I'm not sure of how much Postgres can handle, but its long history and widespread use across the industry gave me more confidence. At the time of writing, we had seen a x15 growth in data streams and volume, and Postgres combined with TimescaleDB still stored and computed our analytics reliably.

4. Postgres' concepts are easy to explain

As the only engineer at the startup, I had to communicate many infrastructure decisions to non-technical stakeholders. In our case, the data infrastructure was tightly coupled to the core business model. Thus, the first to notice that devices were behaving incorrectly were often business people, such as the CEO or CFO, not engineers. As such, my job as an engineer was also to build the data pipeline and storage that are visible and inspectable to non-engineers.

Postgres' concepts, such as rows and tables, are intuitive and easy to understand. Even if they asked me why we needed IDs and why we split into small tables instead of merging, the concepts of primary and foreign keys were relatively straightforward to explain. To make the data accessible, I connected PostgreSQL directly to an open-source analytics tool called Metabase. This allowed stakeholders to view the data in a familiar, spreadsheet-like interface, explore it visually, and even run simple computations on their own.

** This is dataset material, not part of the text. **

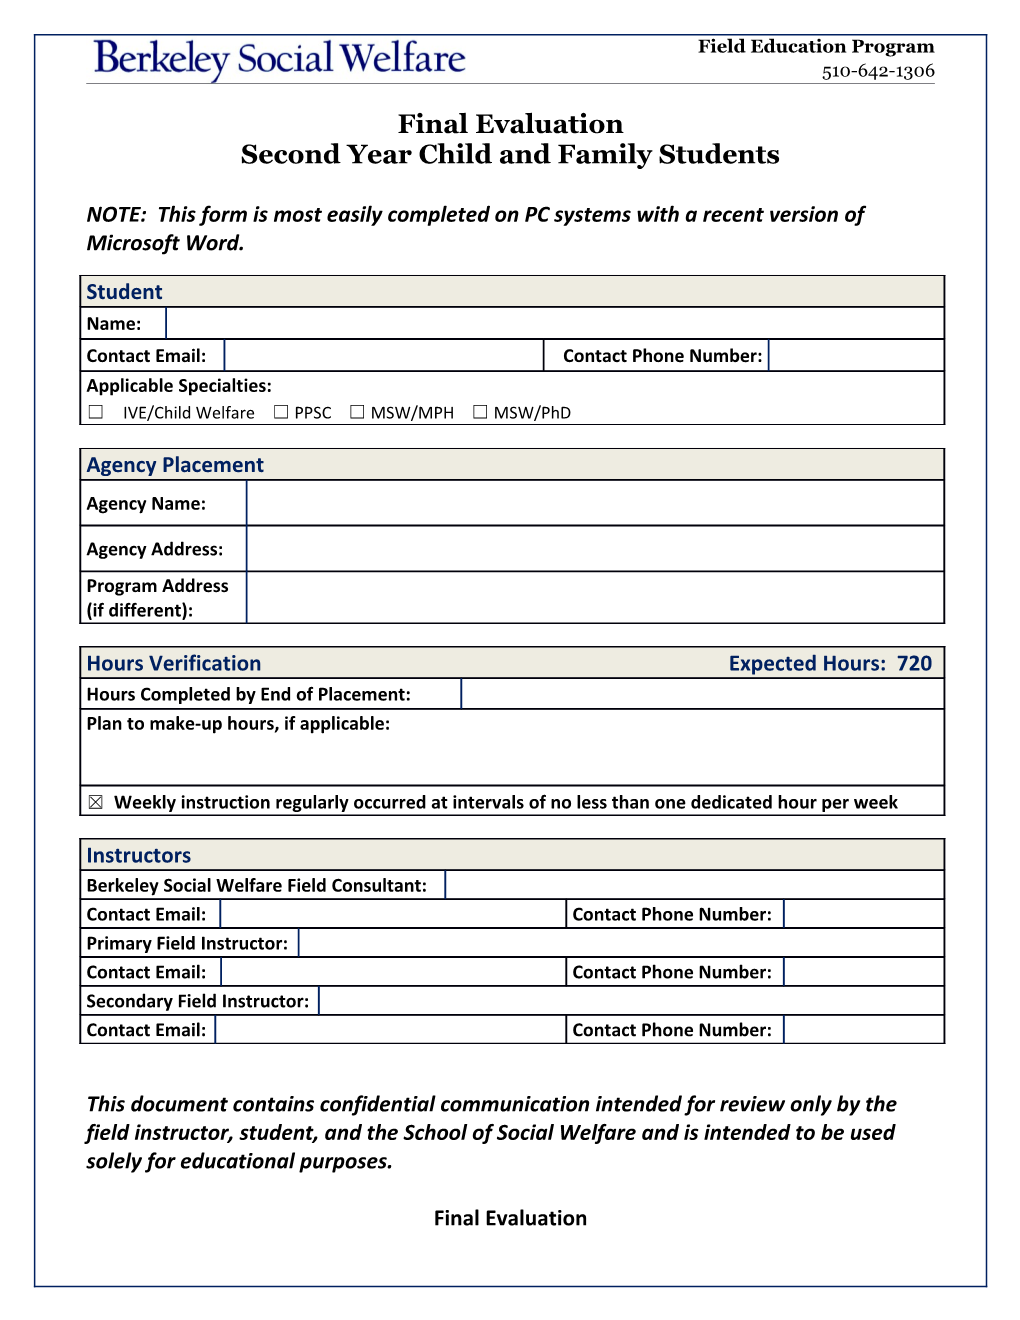 Berkeley Social Welfare Final Evaluation, Advanced Child & Family Page 15

PostgreSQL with TimescaleDB turned out to be an excellent yet simple choice for my use case. It allowed me to move fast without sacrificing correctness, while building a stable system that non-engineers could understand and use.

"Old-school" tools don't necessarily mean outdated or irrelevant. In fact, in the modern data landscape, I believe it's even more important to evaluate real needs, current scale, trade-offs, and risks before opting for a complex system design to get things "right" early on.